● **Data extract**
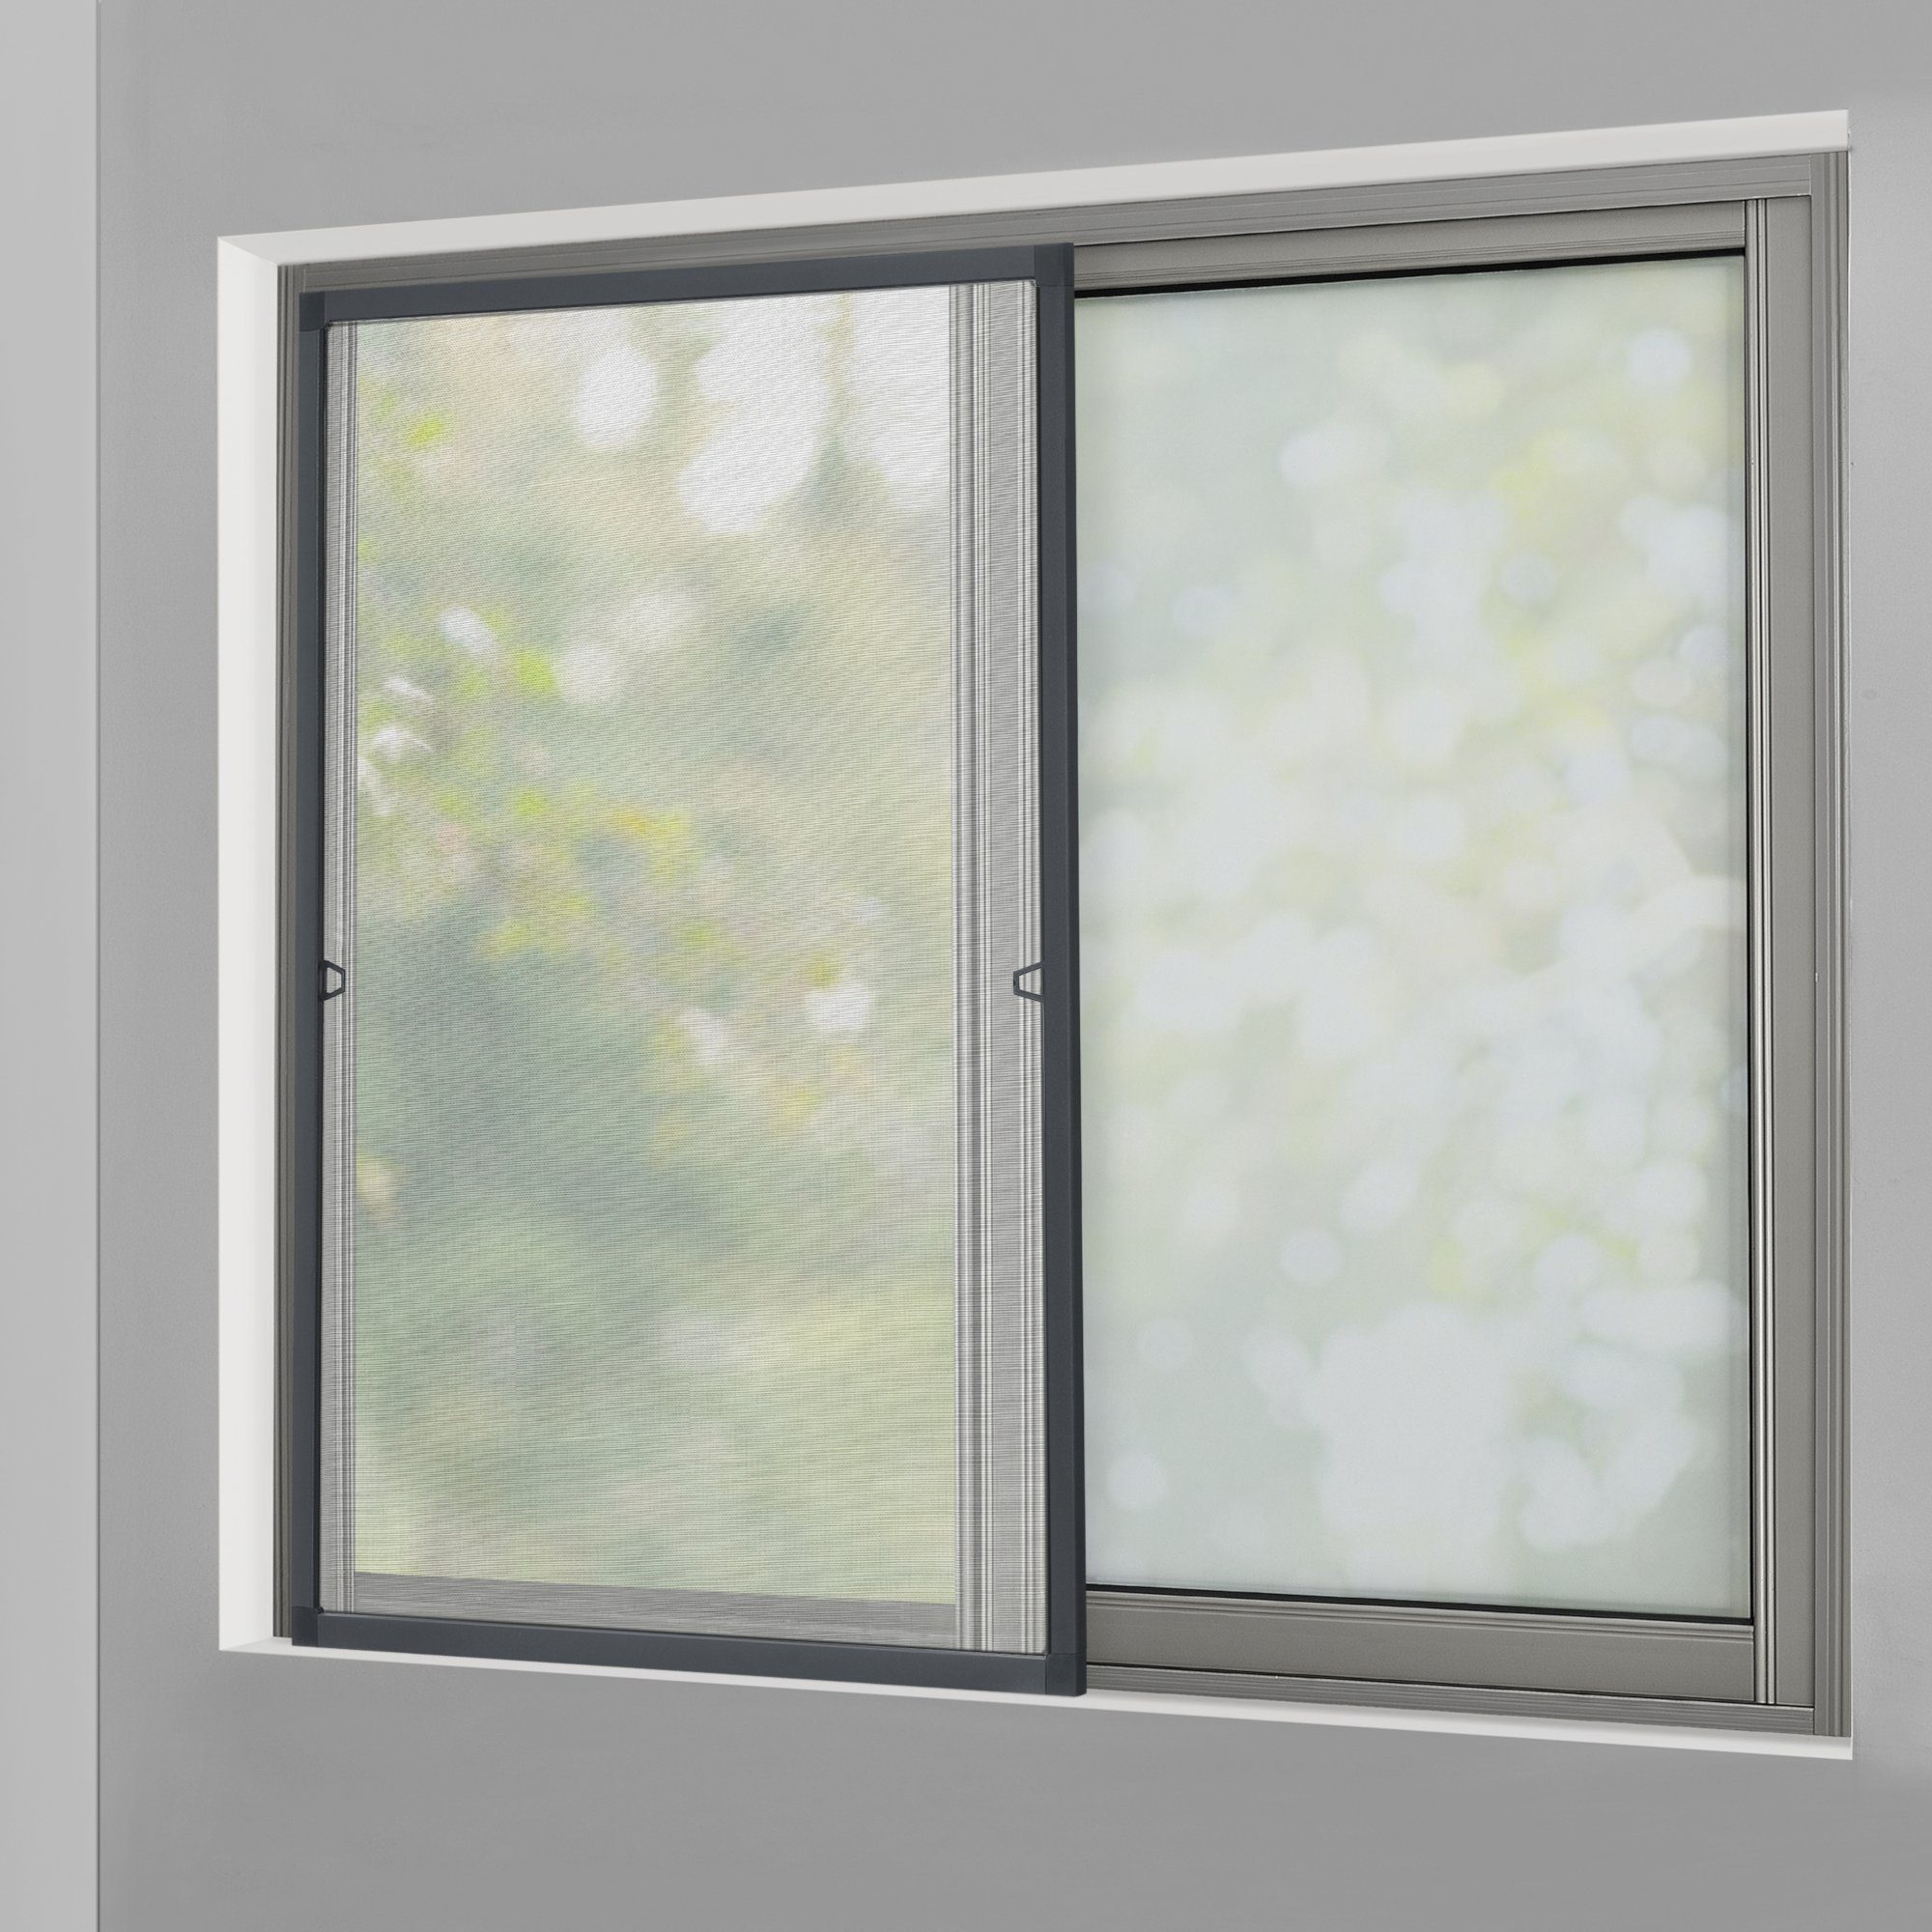 1,5m x 1,8m tesa Fliegengitter für Fenster Standard leichter Sichtschutz weiß
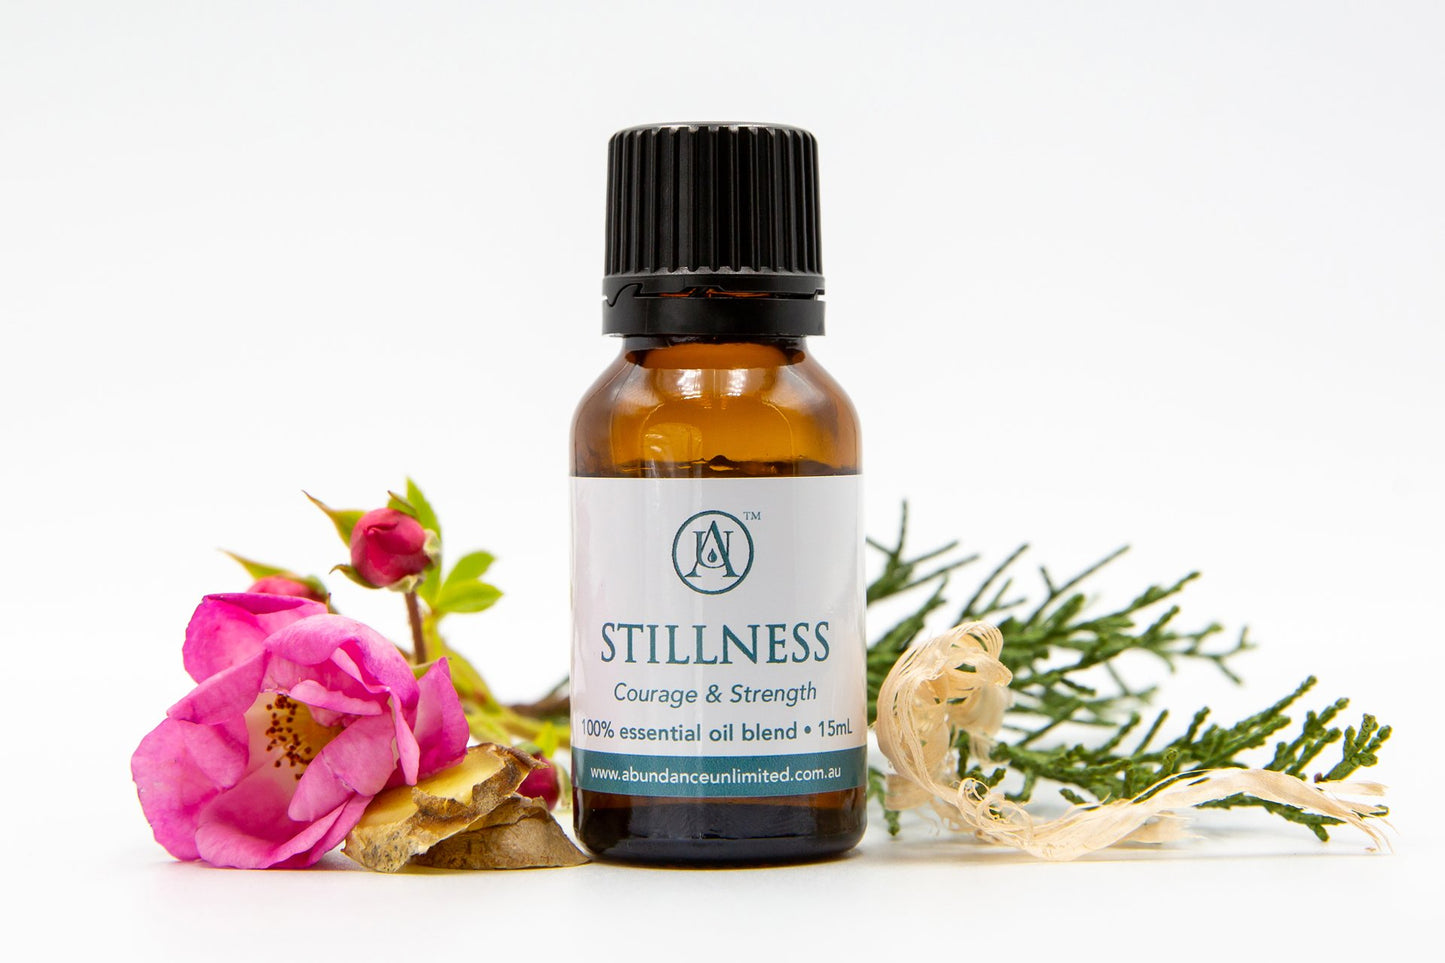 Abundance Essential Oil Blends - Stillness
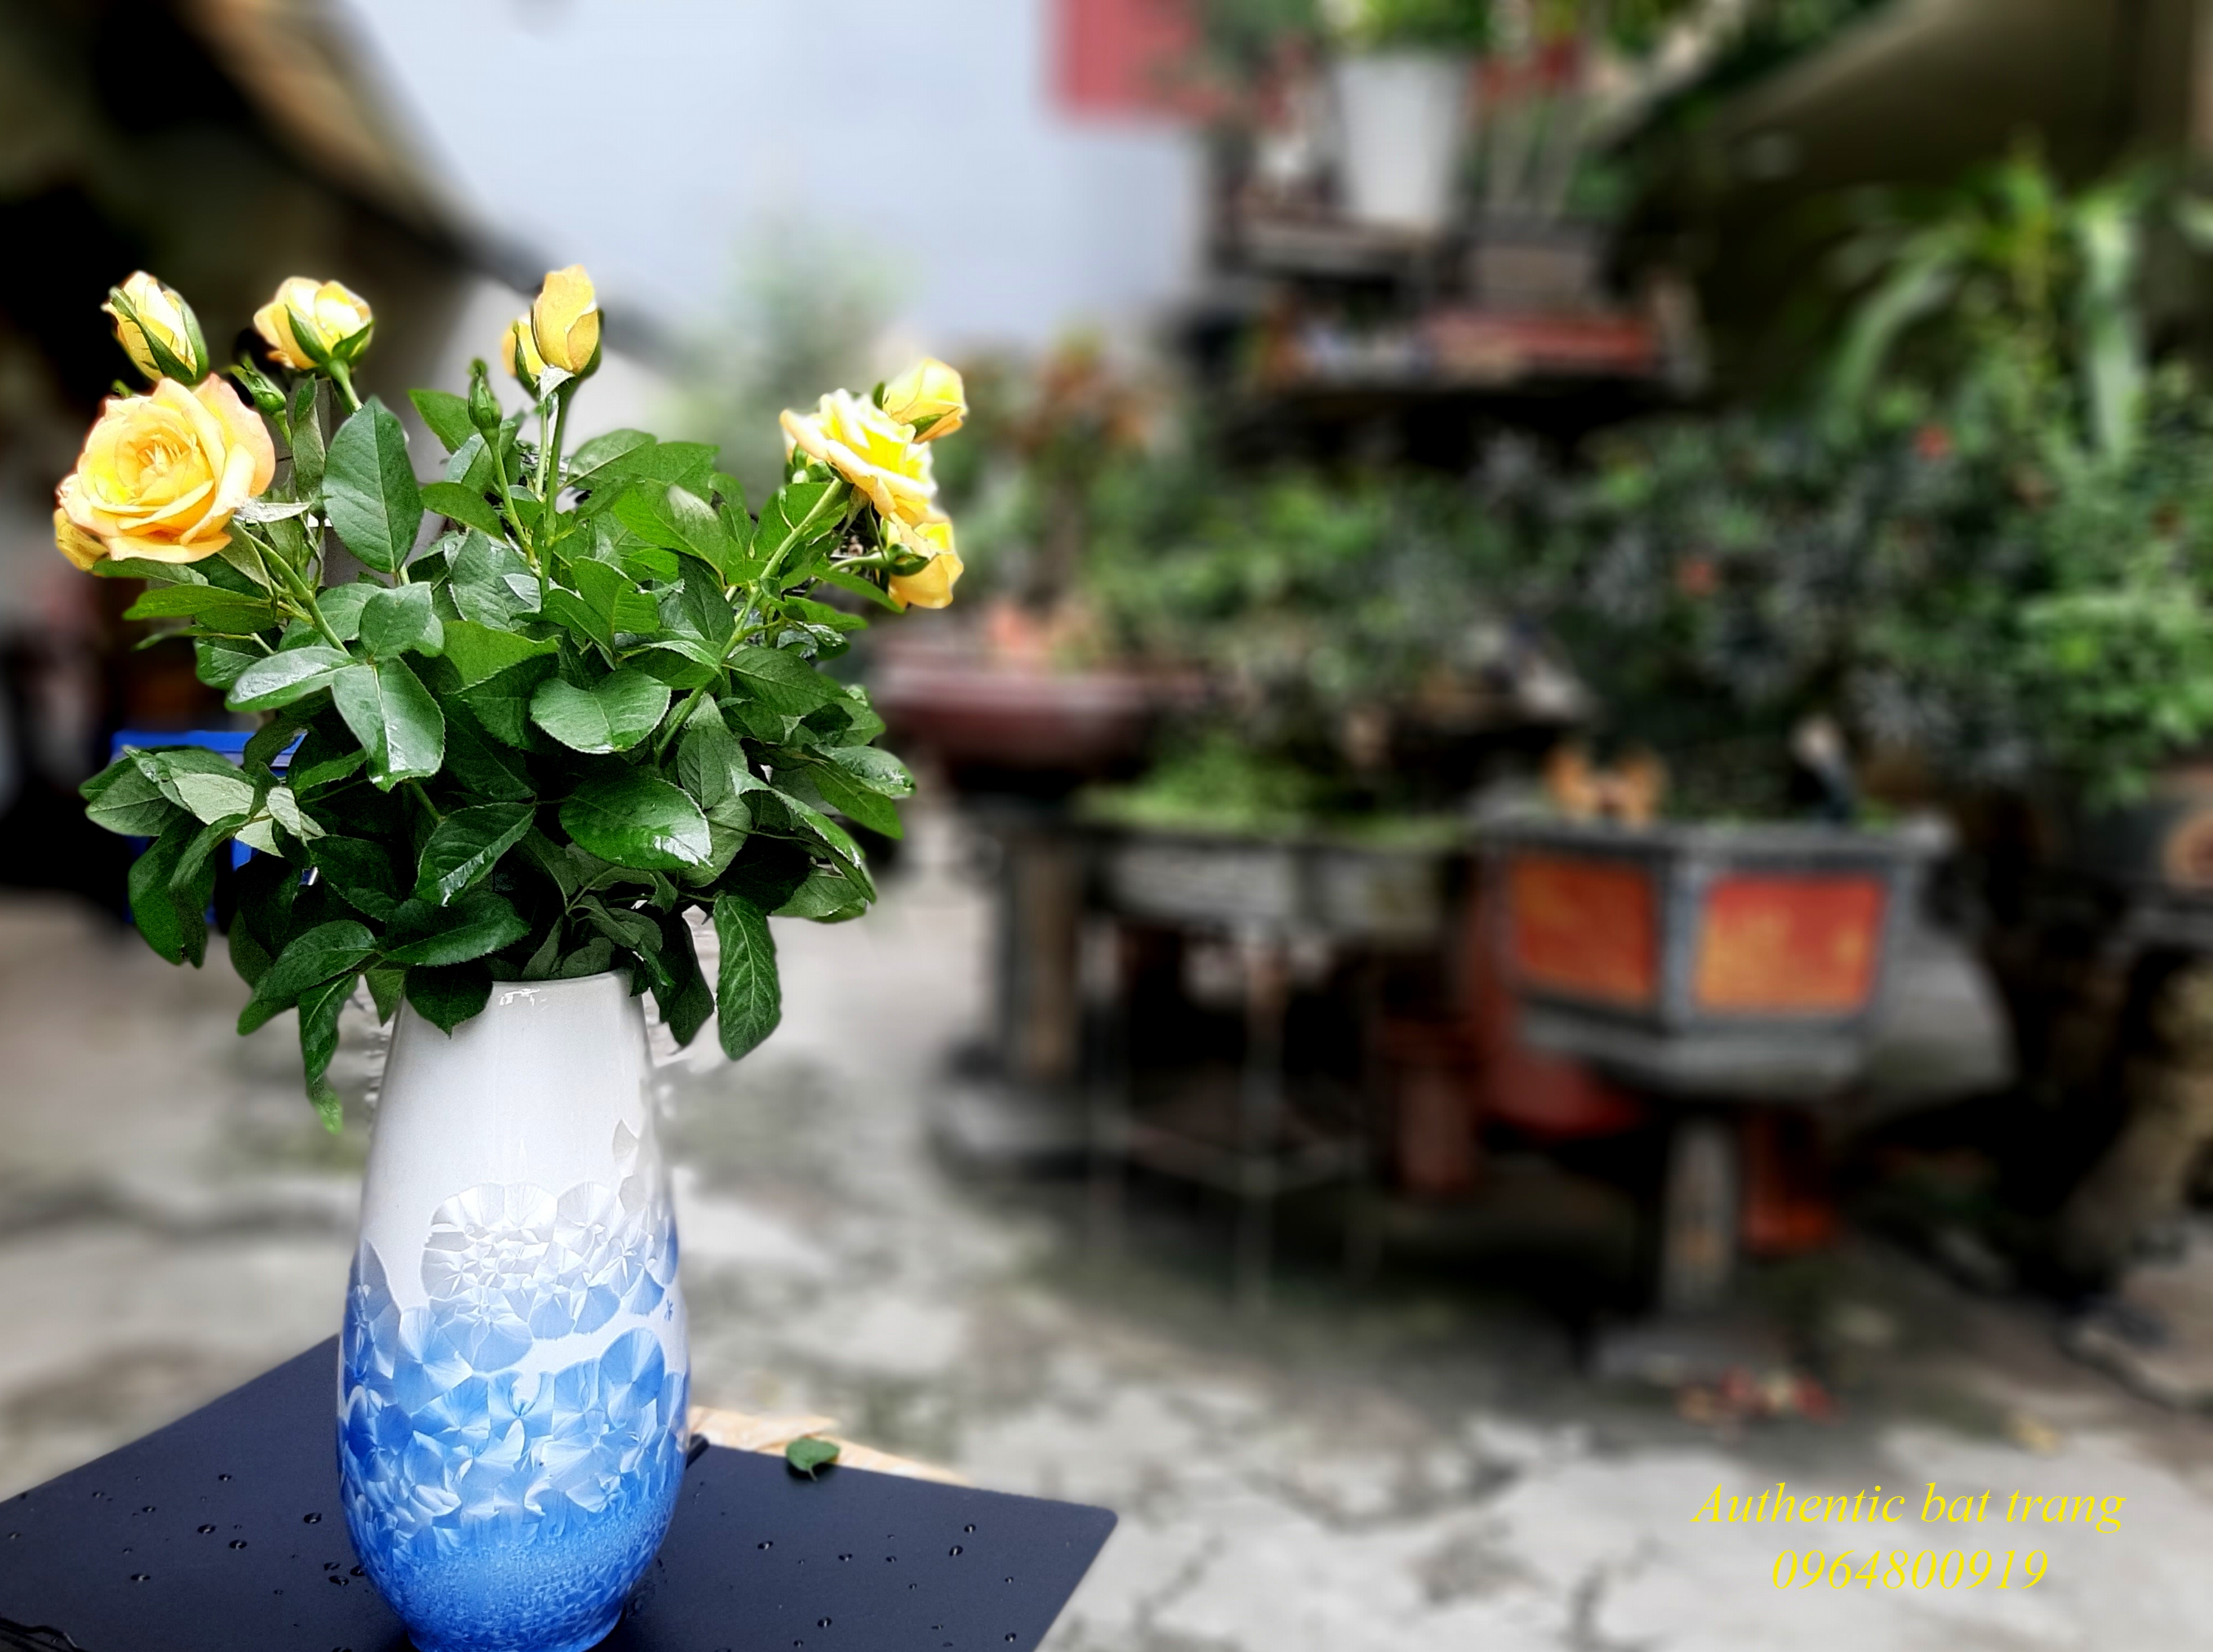 SIÊU ĐẸP VÀ RẺ- Bình cắm hoa size lớn ,men kết tinh xanh sản xuất tại xưởng gốm sứ Authentic bát tràng

● **Work order**
Copy out all of the listing word for word, but skip the images.

● **Solution to this problem**
 1,5m x 1,8m tesa Fliegengitter für Fenster Standard leichter Sichtschutz weiß
 Abundance Essential Oil Blends - Stillness
 SIÊU ĐẸP VÀ RẺ- Bình cắm hoa size lớn ,men kết tinh xanh sản xuất tại xưởng gốm sứ Authentic bát tràng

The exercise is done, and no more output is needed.